Which lines run from the one with "Rhinowalk Bike Bag" through the end of the data? Retype them exactly, without pictures.

◆ **Supplied material**:
============

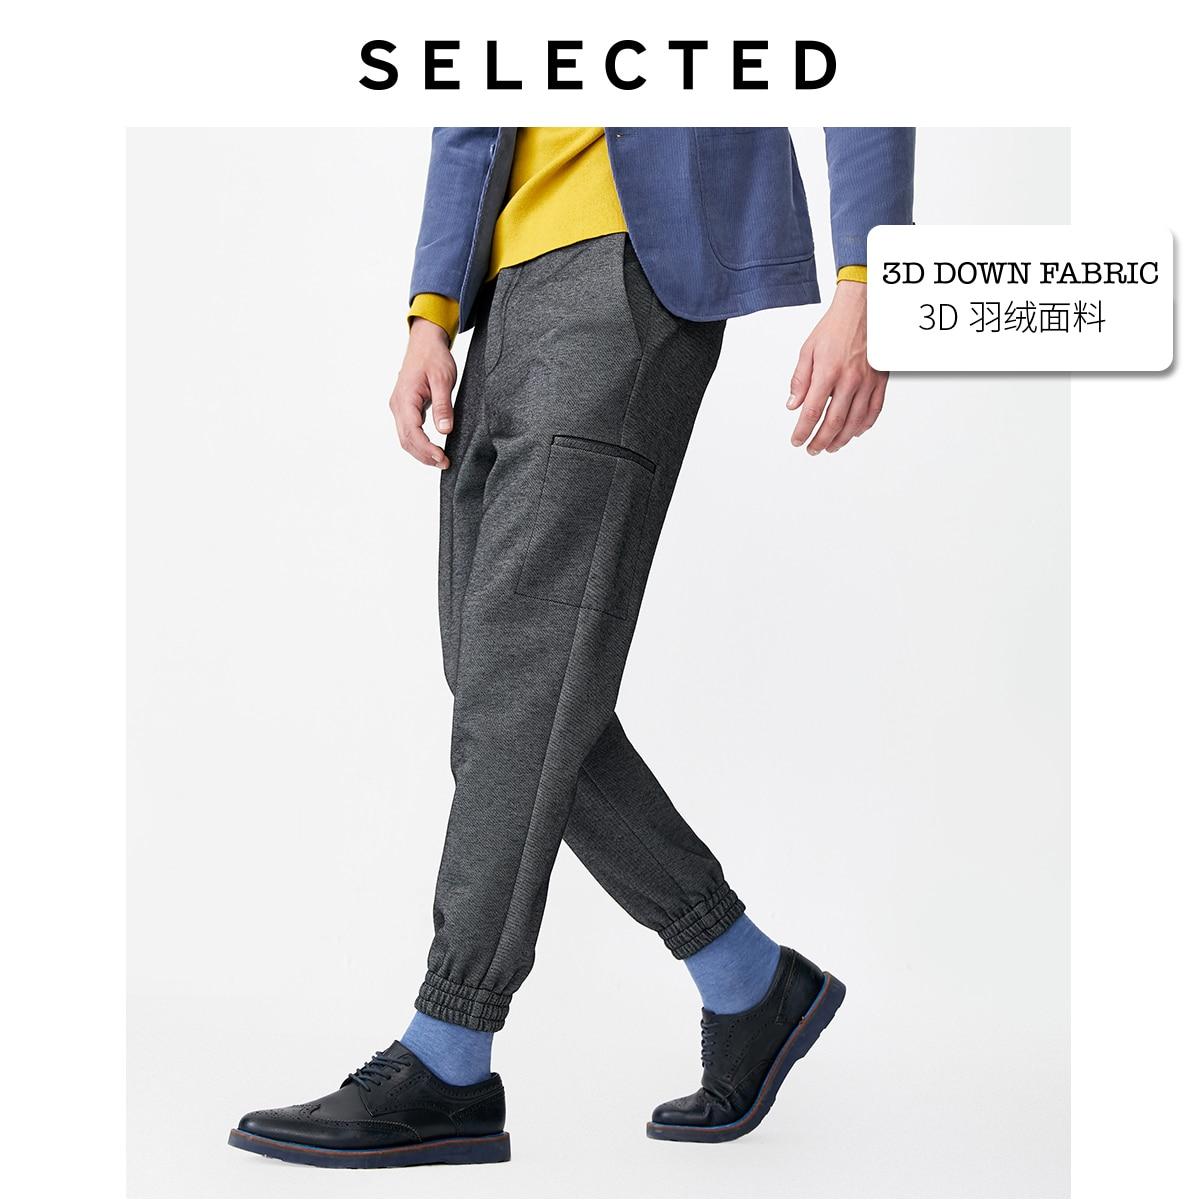 SELECTED 3D Down Fabric Leggings Pants Men's 3D Casual Cargo Pants S|419414533
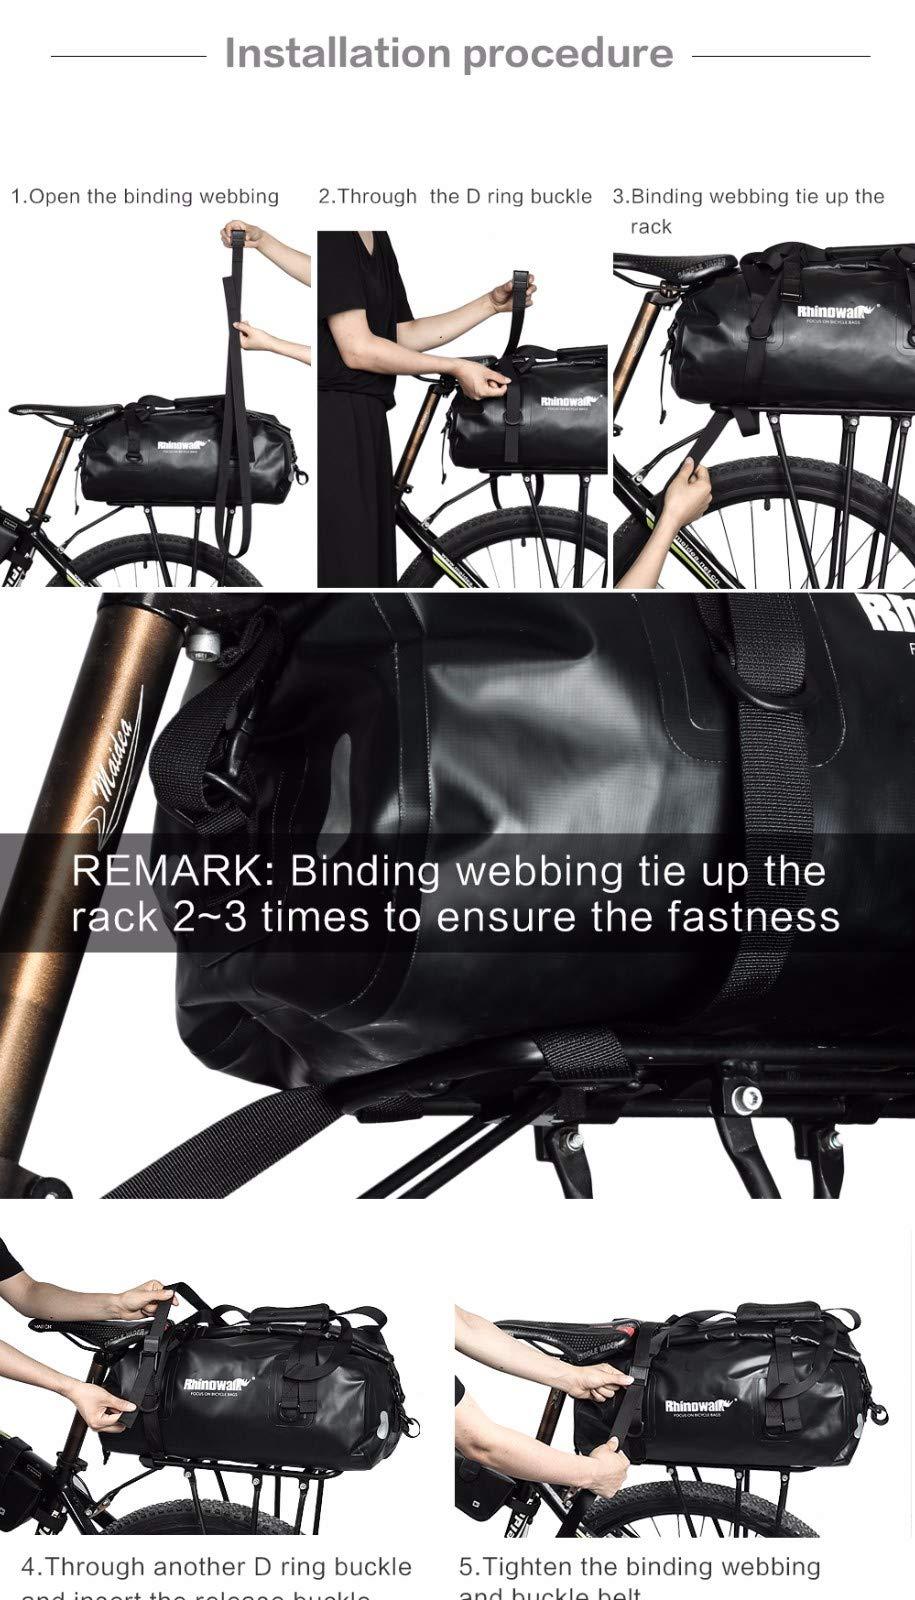 Rhinowalk Bike Bag Waterproof Bike Pannier Biycle Cargo Rack 25L Postman Saddle Bag Shoulder Bag Laptop Pannier Rack Bicycle Bag Professional Cycling Accessories (Two in one)
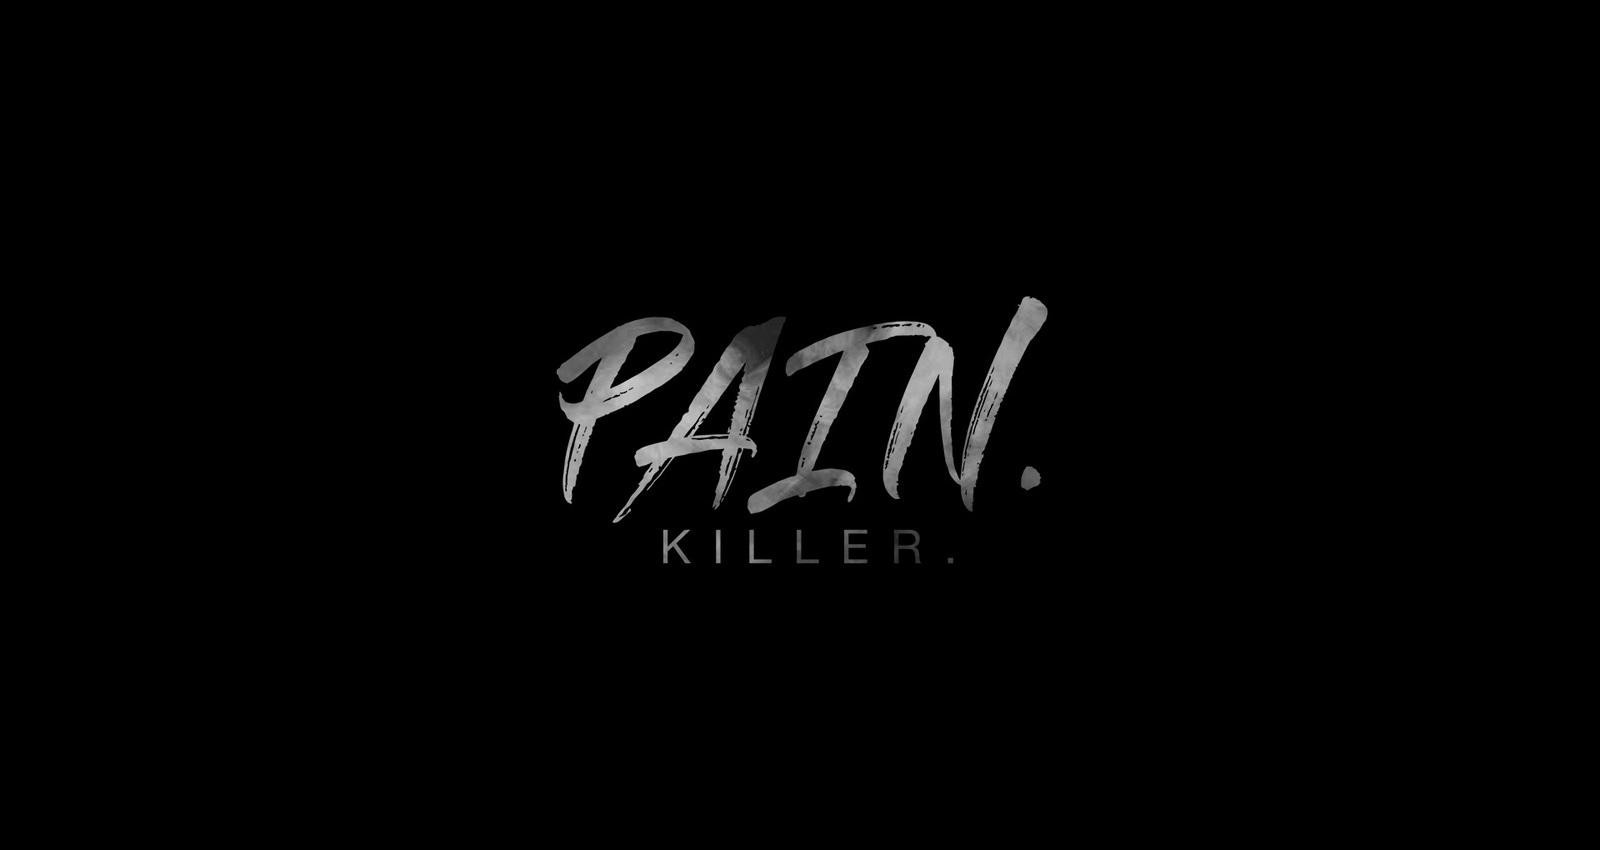 Pain. Killer.

============

◆ **Solution for this task**:
 Rhinowalk Bike Bag Waterproof Bike Pannier Biycle Cargo Rack 25L Postman Saddle Bag Shoulder Bag Laptop Pannier Rack Bicycle Bag Professional Cycling Accessories (Two in one)
 Pain. Killer.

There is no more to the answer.